§ Data provided:
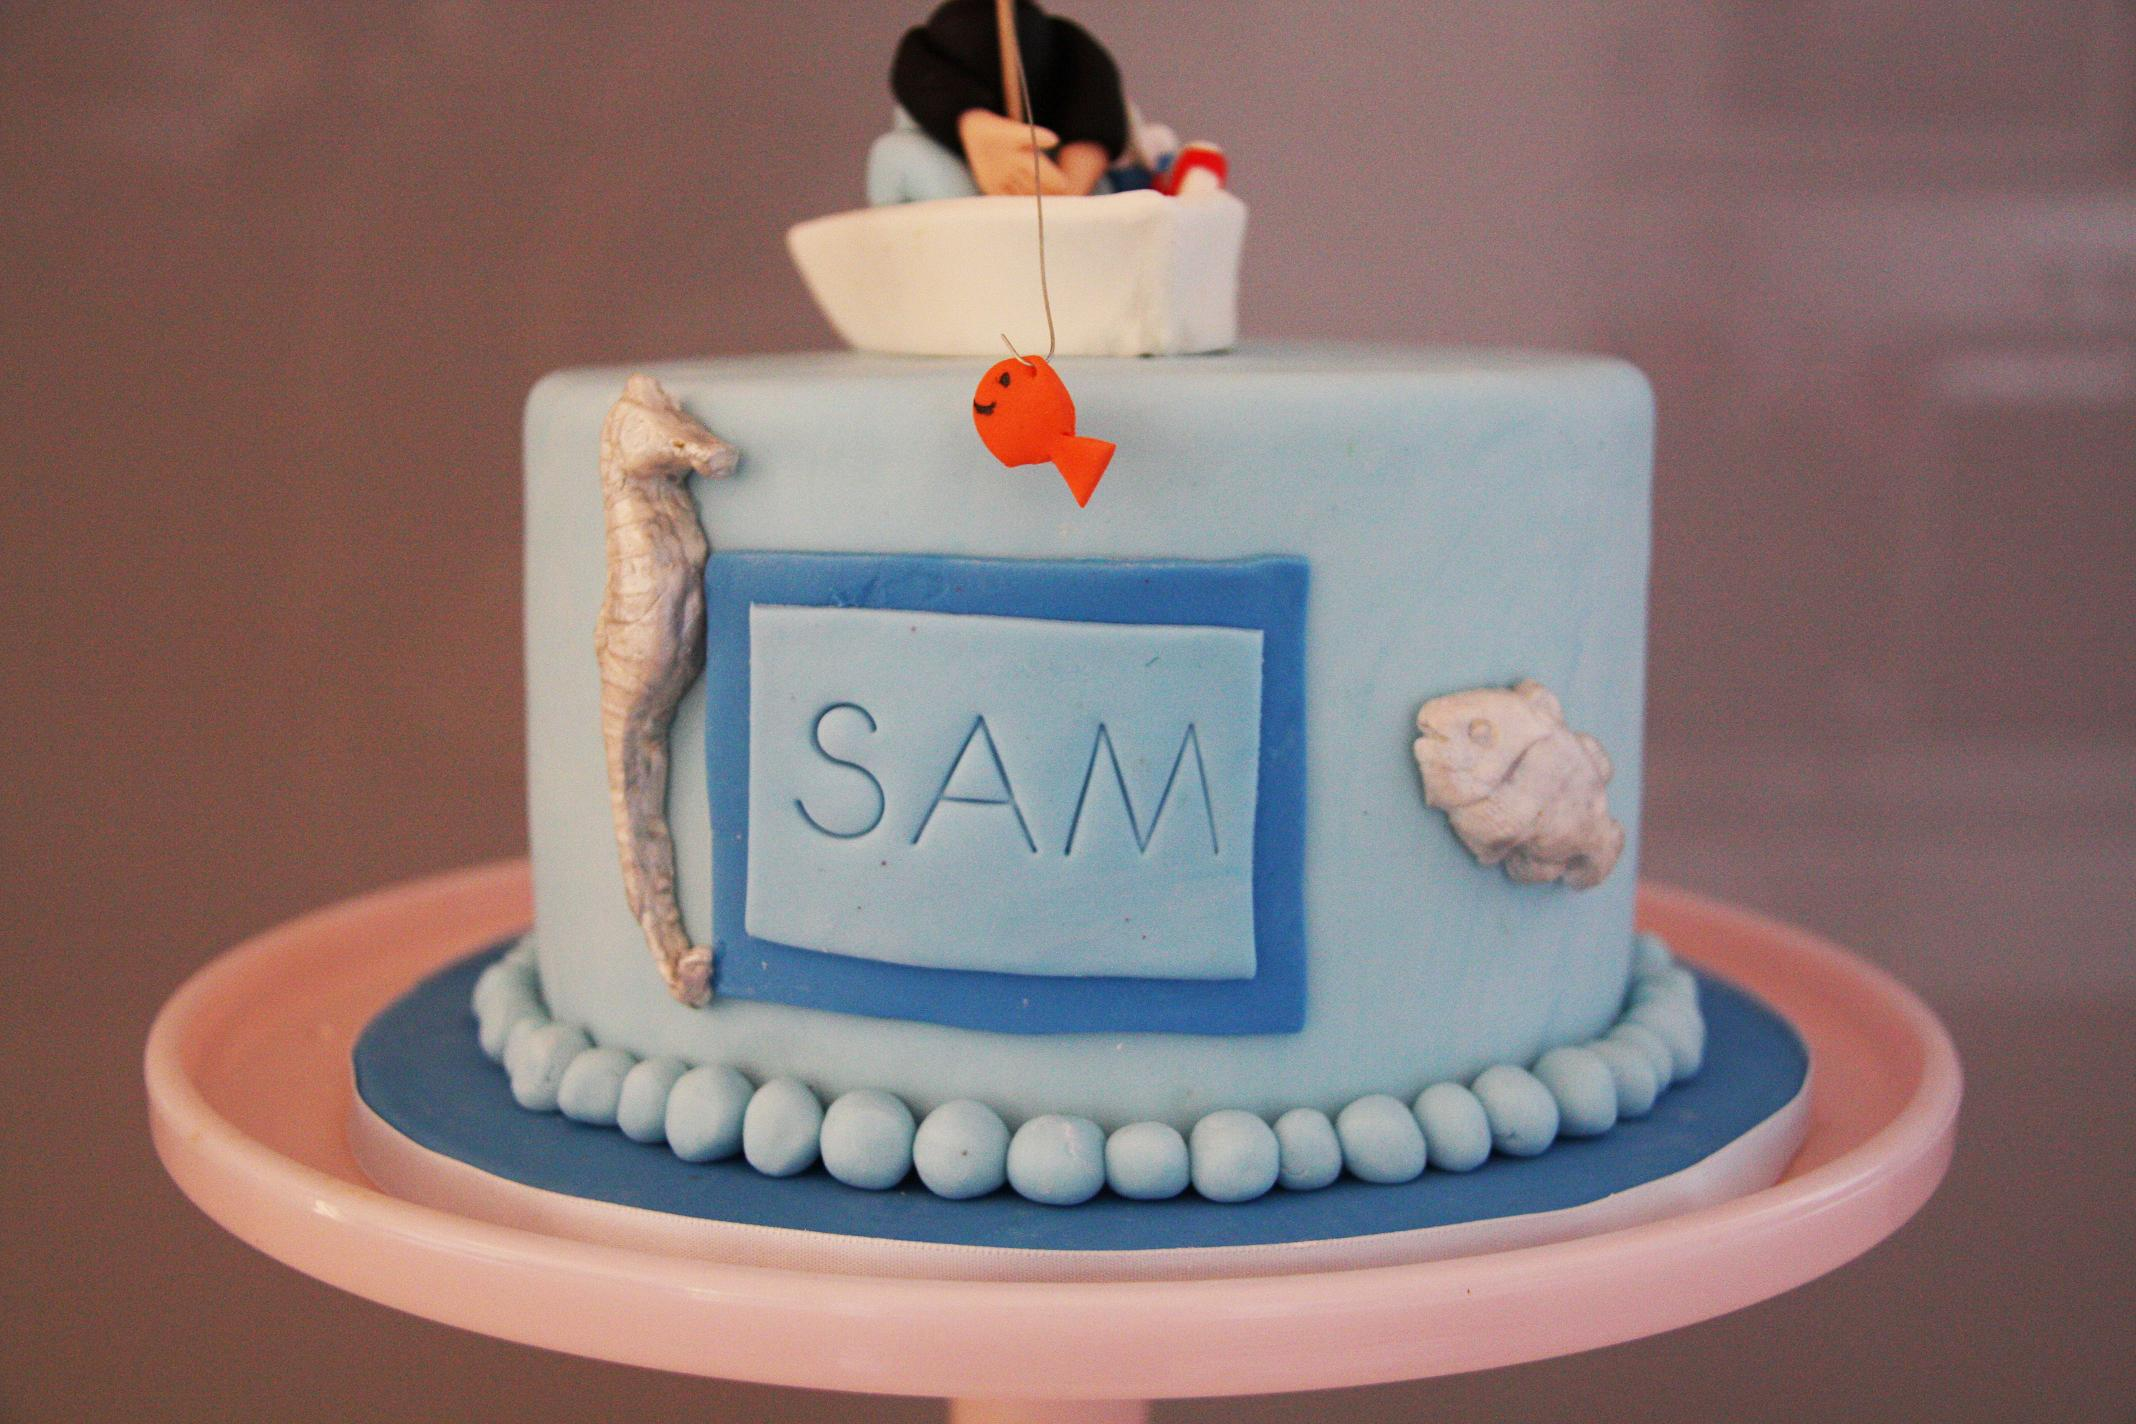 Peachy 10 Sams Birthday Cakes For Girls Photo Birthday Cakes From Funny Birthday Cards Online Alyptdamsfinfo
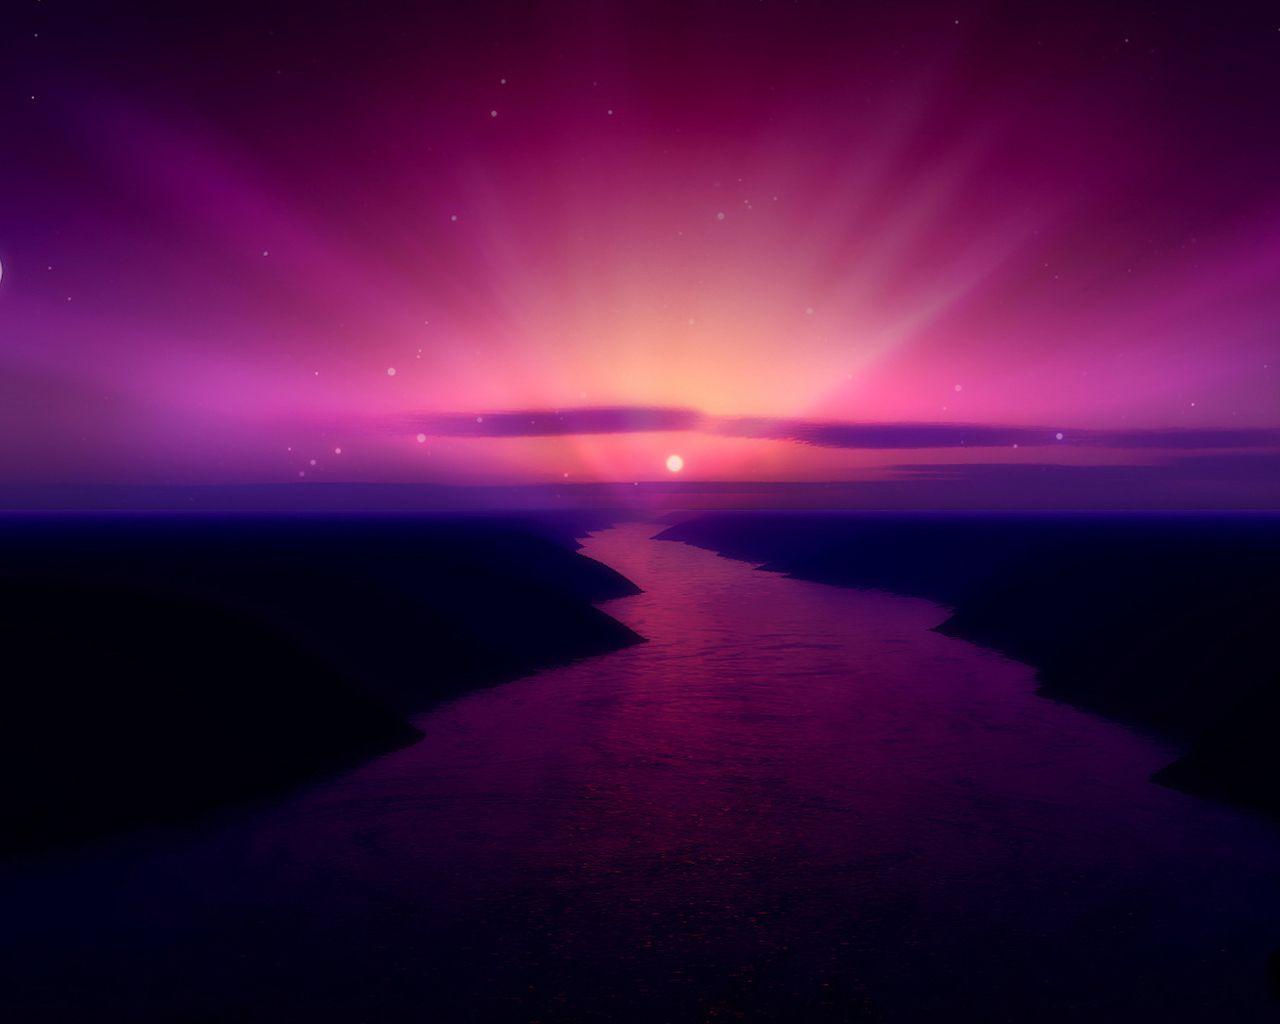 Purple Fantasy Landscape Wallpaper Desktop Background
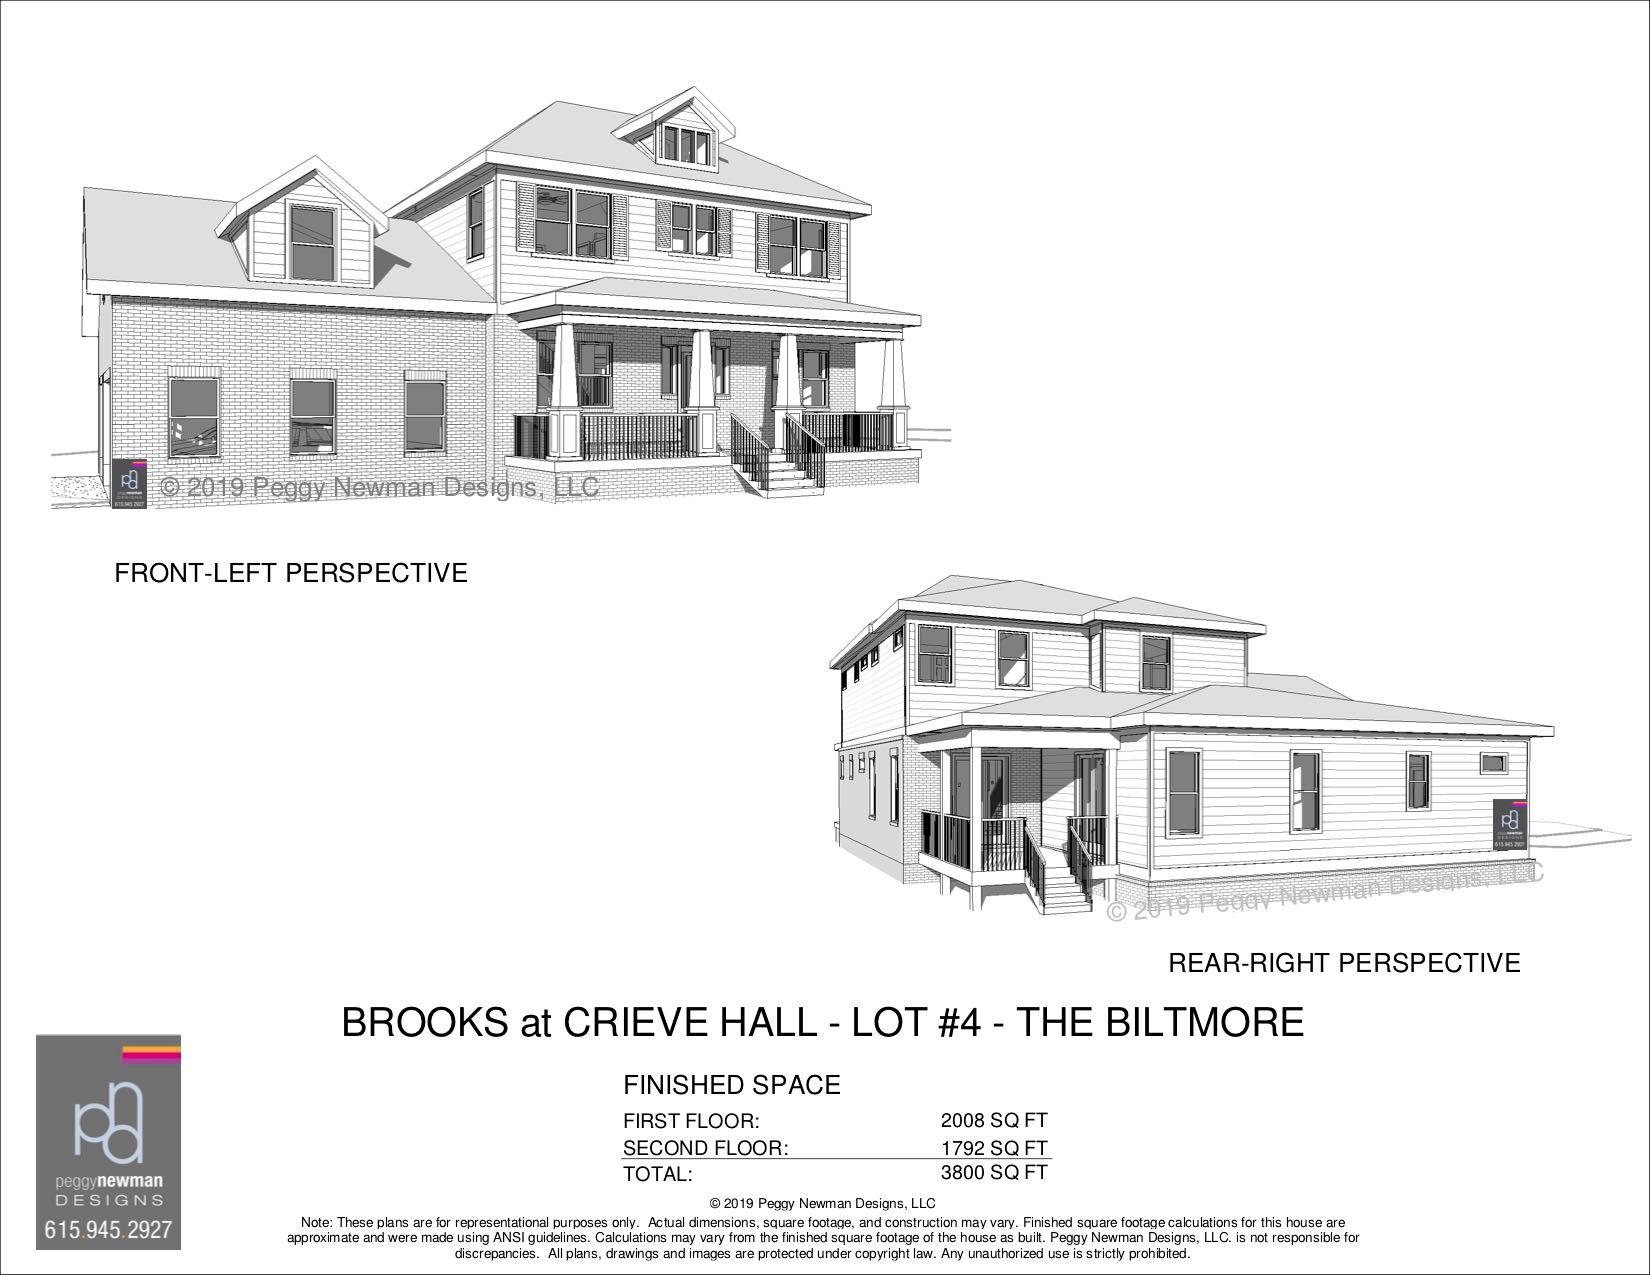 BILTMORE - Brooks at Crieve Hall - Lot 4

§ To do: Leaving out the pictures, output each line above exactly as it is.

§ Answer for this exercise:
 Peachy 10 Sams Birthday Cakes For Girls Photo Birthday Cakes From Funny Birthday Cards Online Alyptdamsfinfo
 Purple Fantasy Landscape Wallpaper Desktop Background
 BILTMORE - Brooks at Crieve Hall - Lot 4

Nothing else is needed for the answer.